Следует отметить, что проблема «принципал – агент» существует не только в самом низу, но и на самых верхних уровнях корпоративной Америки. Дело в том, что агенты, управляющие крупными американскими корпорациями (СЕО и другие топ-менеджеры), далеко не всегда являются принципалами, которые владеют этими компаниями, то есть акционерами. Скажем, у меня есть акции Starbucks, но я даже не знаю имени СЕО этой компании. Как я могу быть уверен, что он действует в моих интересах? В сущности, у нас с вами предостаточно оснований полагать, что корпоративные менеджеры ничем не отличаются от кассиров Burger King: на них действуют стимулы, не всегда совпадающие с интересами их компаний. Фигурально выражаясь, они могут красть из кассы, выделяя себе любимым из бюджета компании средства на покупку частного самолета или членства в загородных клубах. А еще они могут принимать стратегические решения, от которых выигрывают они, а не акционеры. Например, известно, что – о ужас! – две трети всех корпоративных слияний не увеличивают стоимость объединяемых бизнесов, а треть из них вовсе противоречат интересам акционеров.

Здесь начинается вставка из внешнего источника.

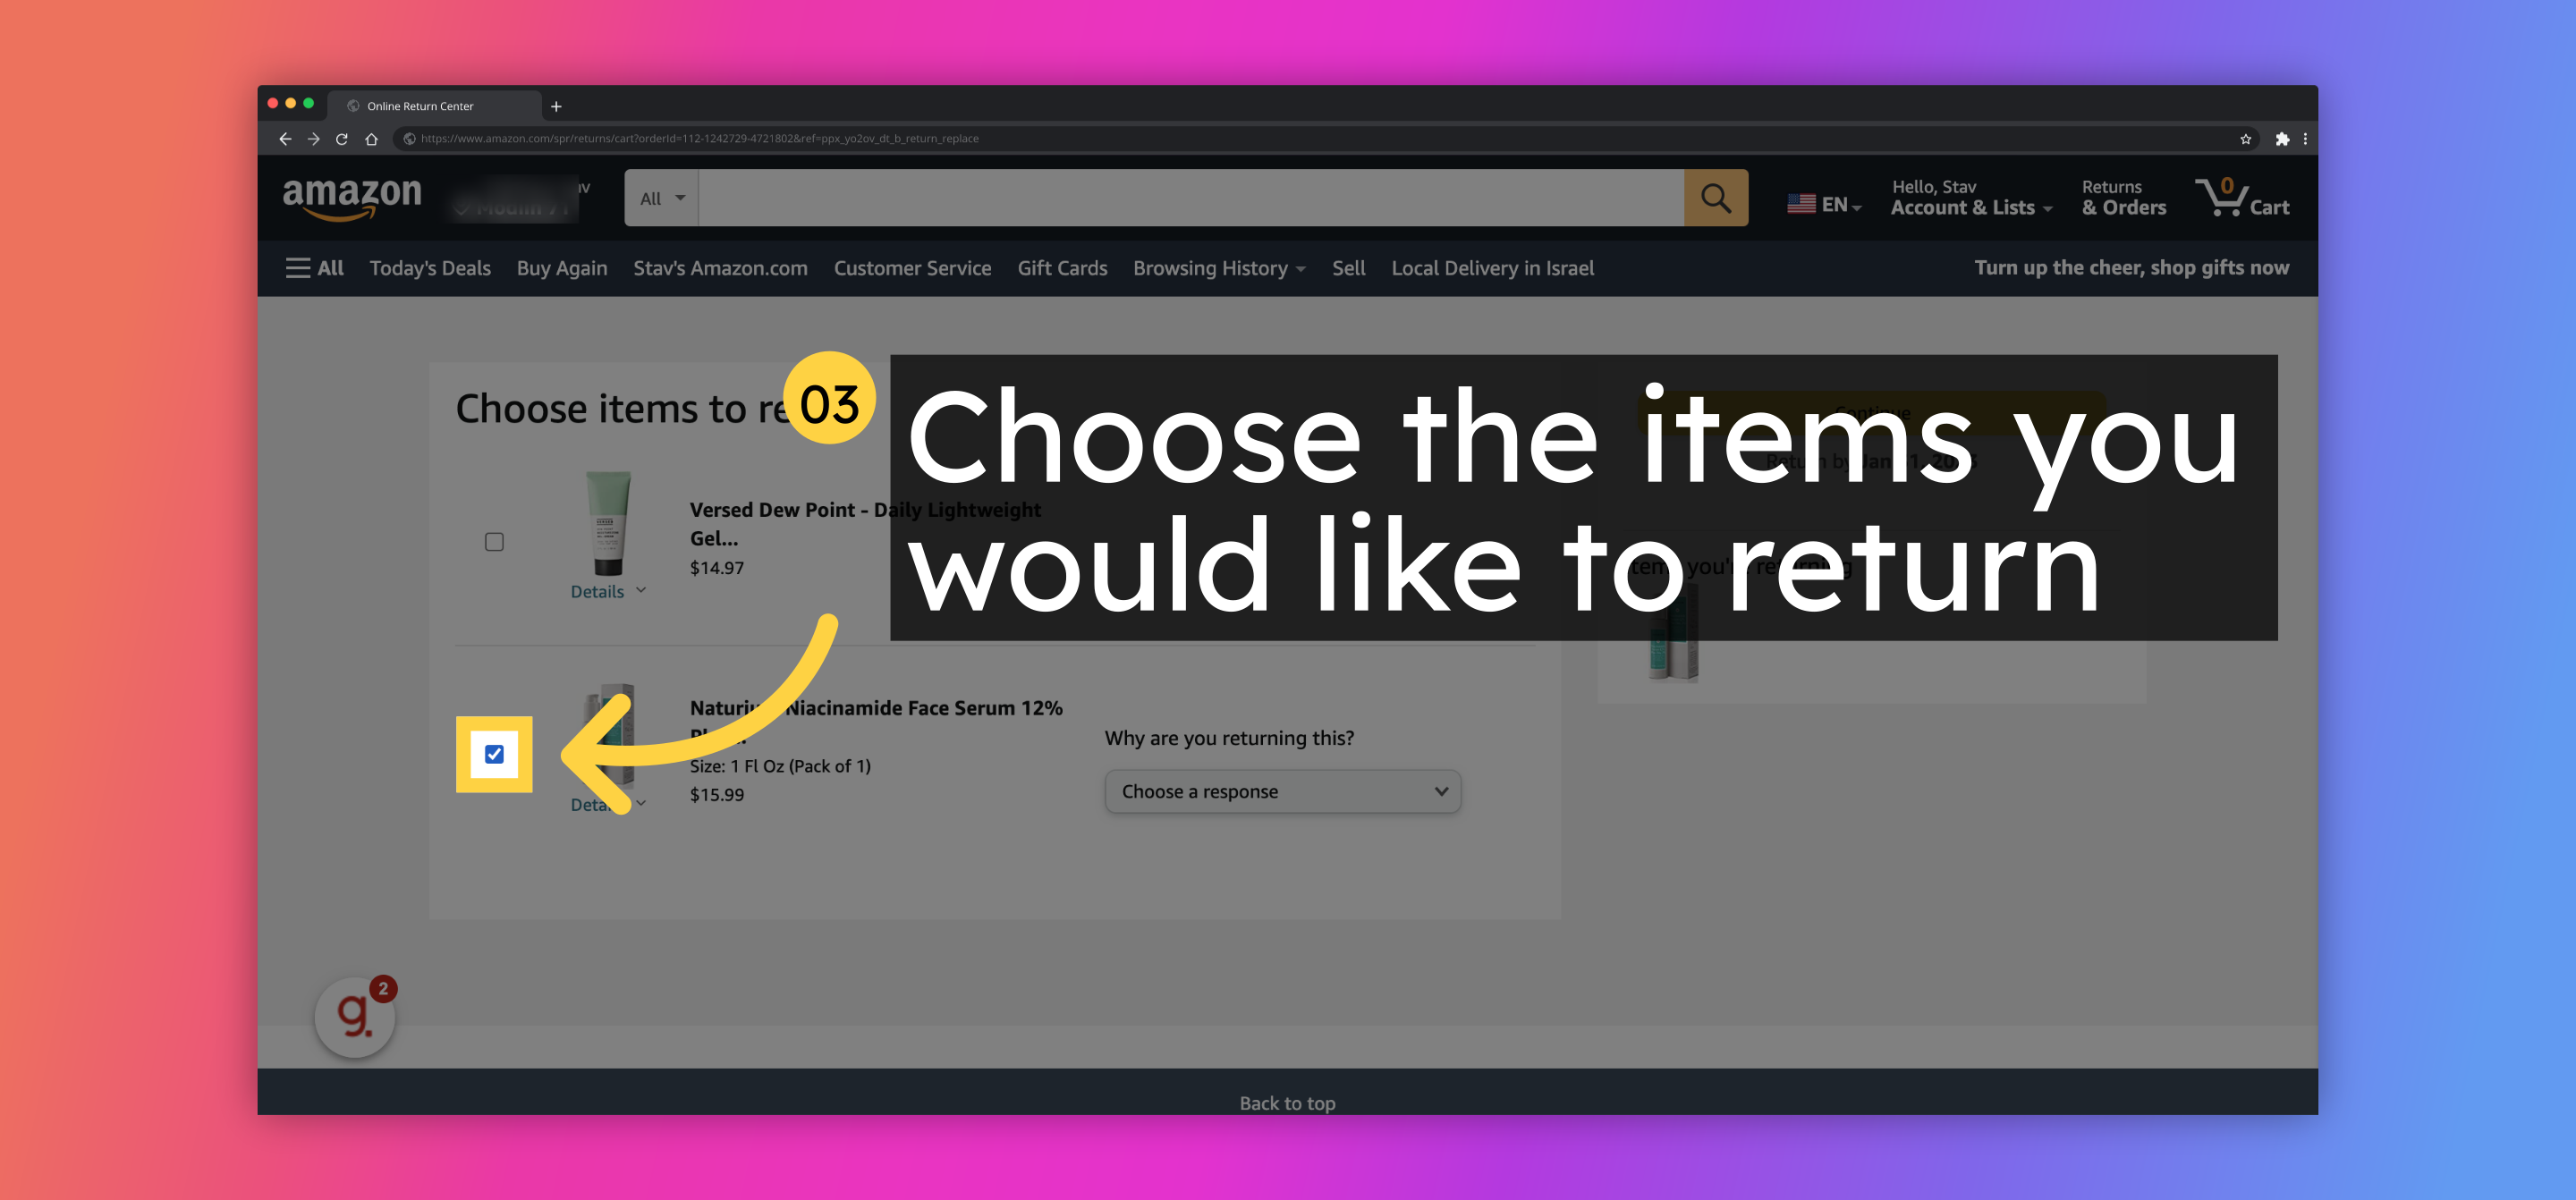 Choose the items you would like to return
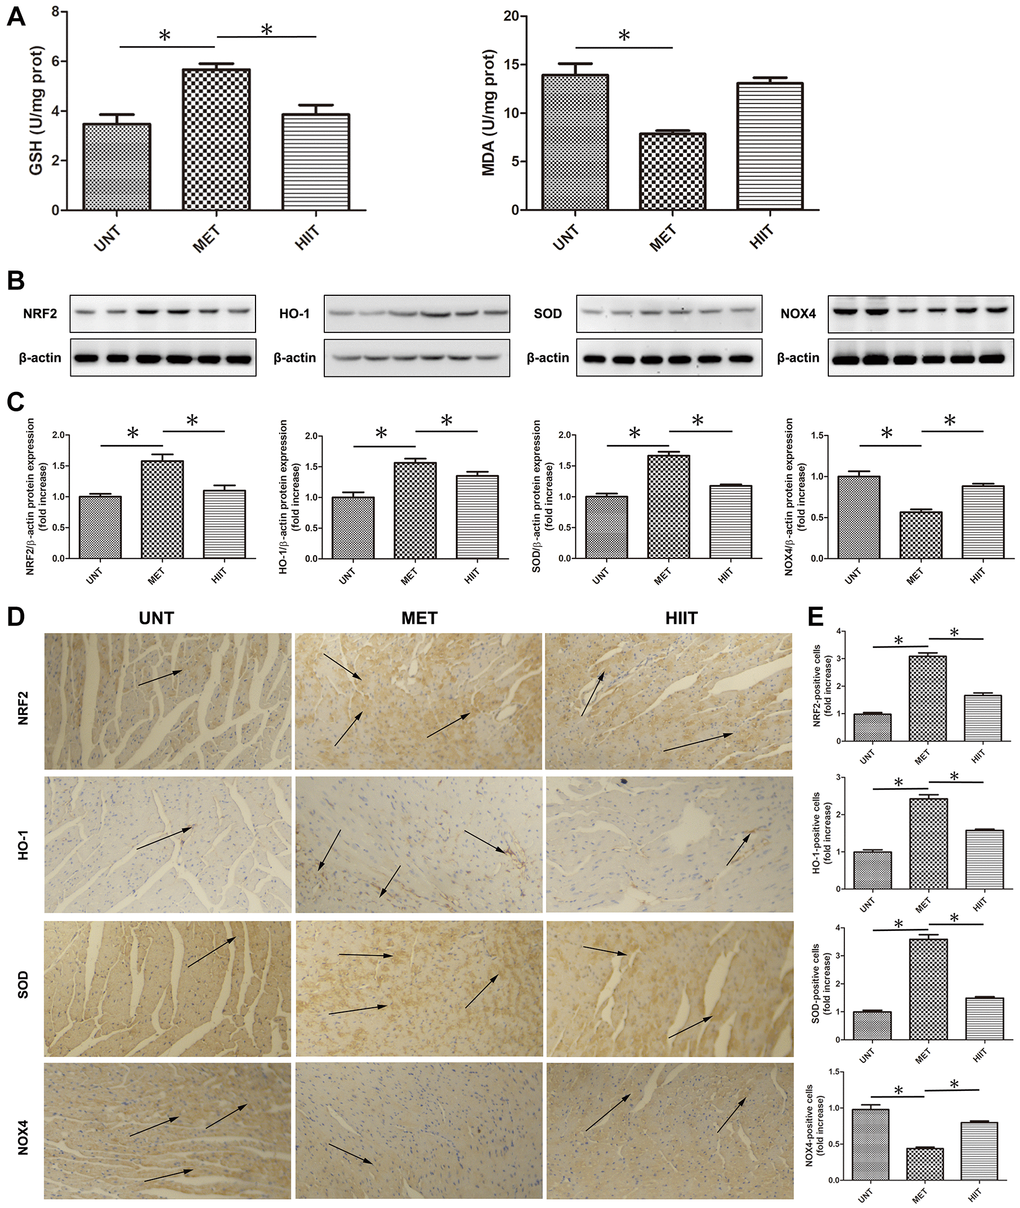 MET decreases oxidative stress in aging mice. (A) Cardiac MDA and GSH levels were quantified using commercial assay kits. n = 8 per group. *P B) Cardiac NRF2, HO-1, SOD, and NOX4 levels assessed by western blotting. (C) Quantification of relative protein expression levels. (D) Representative immunohistochemistry for NRF2, HO-1, SOD, and NOX4 in cardiac tissues. (E) Quantification of positive expression. Magnification 40×. The arrows indicate positively stained cells. n = 6–8 per group. *P

Почему же такие умные главы компаний столь часто совершают поступки, не слишком целесообразные с финансовой точки зрения?
По мнению экономистов, ответ на этот вопрос состоит отчасти в том, что руководители компаний нередко выигрывают от слияний, даже если акционеры в итоге теряют. СЕО, организующий и проводящий сложную корпоративную сделку, привлекает к себе много внимания делового мира и общества в целом. В результате после этого он управляет компанией большего размера, что почти всегда повышает его престиж, даже если новая фирма приносит меньше прибыли, чем давали две компании до слияния. В больших компаниях все больше: кабинеты, зарплаты, самолеты. Впрочем, некоторые слияния и поглощения действительно идеальны со стратегической точки зрения. Но как мне, неосведомленному акционеру с существенной долей в капитале компании, понять, так ли это? Мне неизвестно даже имя управляющего Starbucks, и как я могу быть уверен, что он не проводит большую часть рабочего времени, гоняясь по кабинету за симпатичными секретаршами? Черт, да это задачка посложнее той, что стоит перед менеджером ресторана Burger King!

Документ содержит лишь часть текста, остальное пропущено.